For the implementation of the PWLS-PINL method, four parameters, i.e., search-window N, patch-window n, control parameter h, and hyper-parameter β, were selected by visual inspection for eye-appealing result, together with the normal-dose image as comparison. In practice, to reduce the computing burden, the size of the search-window should be limited to an appropriate size. However, the search-window should be large enough to obtain more similar information while minimizing the influence of the mismatched tissues. Hence, search-window N should be optimally determined by fully considering both the registration accuracy and the degree of the overall structure changes between the to-be-reconstructed and prior images. For the selection of the patch-window, extensive experiments showed that a 5 × 5 patch-window is adequate for effective noise and artifacts suppression while retaining computational efficiency. As for the selection of h and β in this study, we briefly fixed the sizes of the search- and patch-windows and did not consider the methods that adaptively optimized them, but we studied the results obtained using a broad range of parameter values by hand in term of visual inspection and quantitative measurements. This scheme can also be considered as a trial and error process. Theoretical studies in optimizing the non-local relevant parameters have already been conducted using the SURE approach [43], [44], which provided a useful technique to determine the parameters in the present algorithm. This is an interesting topic for future research.

For the modified iterative successive over-relaxation algorithm in this study, we would like to make the following discussions. As a version of the widely-used one-step-late (OSL) iteration scheme, the present PWLS-PINL algorithm can be feasibly and effectively implemented using the present joint optimal reconstruction strategy presented in Section II-C. However, due to the fact that weight w(k, j) in Eq. (6) depends on the unknown image intensity, the present PINL regularization in Eq. (5) is nonconvex for a global optimization. Similar to many existing OSL algorithms where global convergence is an open issue, the present algorithm also suffered from the lack of strict global convergence proof. Despite the lack of guarantee of global convergence, the present algorithm is still effective in practice together using the joint optimization scheme.
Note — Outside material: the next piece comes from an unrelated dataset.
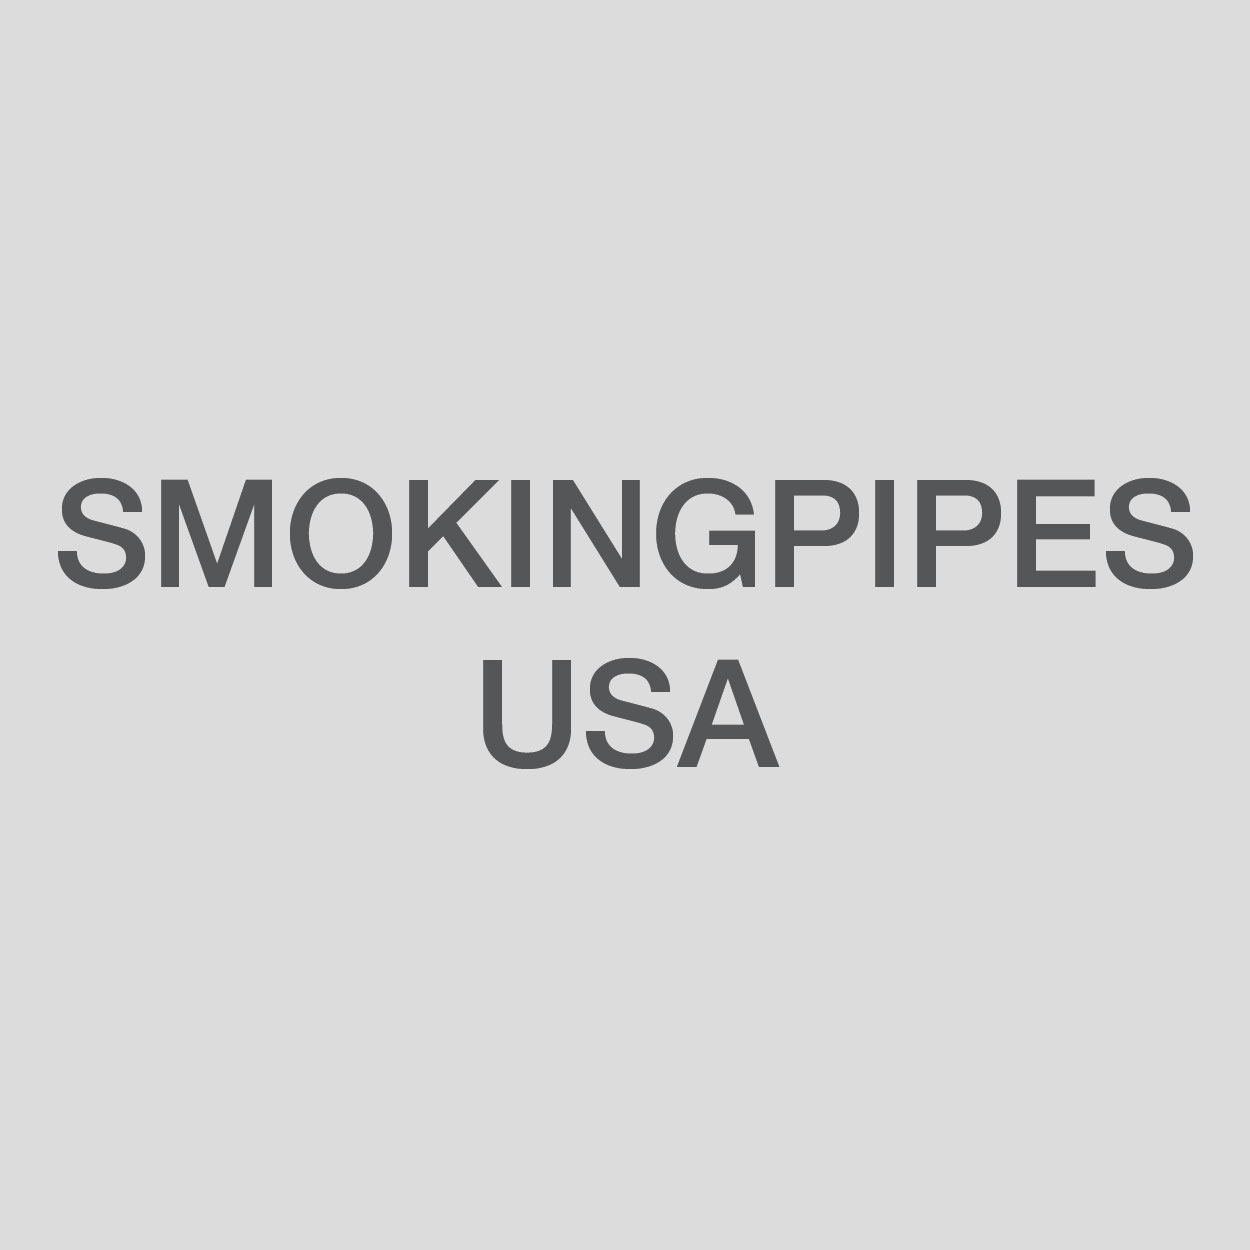 Smokingpipes USA

Another major drawback of the present PWLS-PINL algorithm is that the update of the non-local weights matrix unavoidably increases the computational burden as described in [28]. To address this issue, one possible strategy is to use infrequent update of the parameters (non-local weights matrix) interleaved with more frequent OSL steps; and another one is to use fast computers and dedicated hardware [45] to develop parallel iterative image reconstruction algorithm. We believe that in the future, most iterative based image reconstruction algorithms including the present PWLS-PINL may be widely used in medical clinic.